La tua è un'idea ingenua, sole. Le persone che ci rappresentano non nascono dal nulla... siamo noi. Se non lo fossero, non durerebbero un giorno di più.


----------



## soleluna80 (25 Febbraio 2009)

moltimodi ha detto:


> La tua è un'idea ingenua, sole. Le persone che ci rappresentano non nascono dal nulla... siamo noi. Se non lo fossero, non durerebbero un giorno di più.


mah, non ne sono così convinta. quando certe persone arrivano ai vertici hanno il culo incollato alla sedia....magari partono bene a livello comunale e provinciale x poi accasarsi


----------



## Nobody (25 Febbraio 2009)

soleluna80 ha detto:


> mah, non ne sono così convinta. quando certe persone arrivano ai vertici hanno il culo incollato alla sedia....magari partono bene a livello comunale e provinciale x poi accasarsi


 Continua a non esserne convinta, allora... e dai la colpa ai politici.


----------



## soleluna80 (25 Febbraio 2009)

moltimodi ha detto:


> Continua a non esserne convinta, allora... e dai la colpa ai politici.


quello che voglio dire è che io cerco di comportarmi degnamente, ma non mi sento rappresentata ma non so come cambiare la situazione


----------



## Iago (25 Febbraio 2009)

*!!!*

Quoto MM


----------



## Nobody (25 Febbraio 2009)

soleluna80 ha detto:


> quello che voglio dire è che io cerco di comportarmi degnamente, ma non mi sento rappresentata ma non so come cambiare la situazione


 Intanto se davvero nessuno ti rappresenta, rifiutati di partecipare al teatrino...non votare. Entra in un qualche comitato, cerca di partecipare attivamente... oppure, se ti riconosci in qualche schieramento, votalo con convinzione, ma sii pronta ad assumerti la responsabilità per le persone che eleggi.


----------



## Old Alexantro (25 Febbraio 2009)

moltimodi ha detto:


> Dipende dalla nostra storia... in Italia abbiamo avuto una dittatura fascista, quindi si usa quel termine. In Russia useranno "comunista".
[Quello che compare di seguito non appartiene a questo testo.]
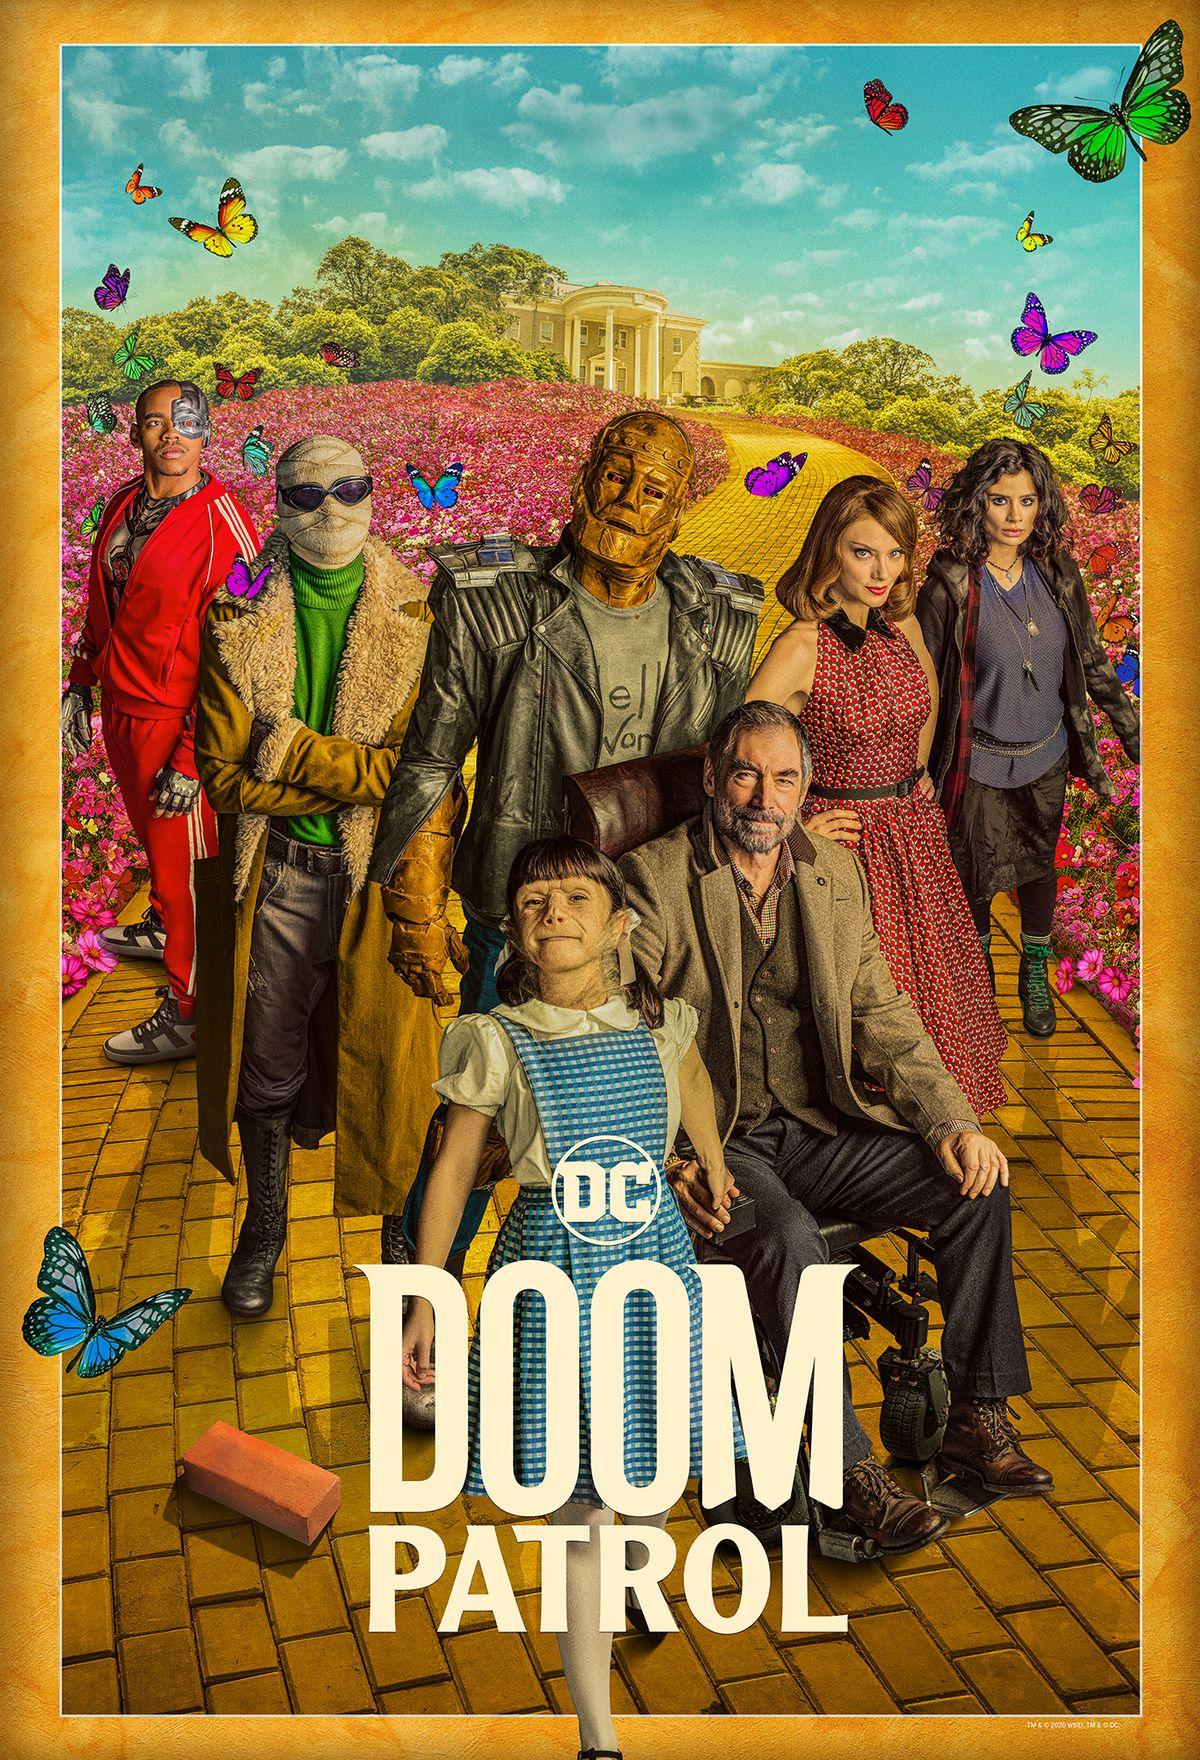 Cyborg, Negative Man, Robotman, Rita Farr, Crazy Jane, Danny the Brick, Dorothy Spinner, and the Chief on a poster for Doom Patrol season 2.

 allora se dipende dalla storia in questo caso agli inetti bisognerebbe dargli del Prodista


----------



## Nobody (25 Febbraio 2009)

Alexantro ha detto:


> allora se dipende dalla storia in questo caso agli inetti bisognerebbe dargli del Prodista


 E ai malfattori del nanista...


----------



## Old Alexantro (25 Febbraio 2009)

moltimodi ha detto:


> E ai malfattori del nanista...


 giusto....
e agli anoressici del Fassinista


----------



## Nobody (25 Febbraio 2009)

Alexantro ha detto:


> giusto....
> *e agli anoressici del Fassinista*


il grissino piemontese...


----------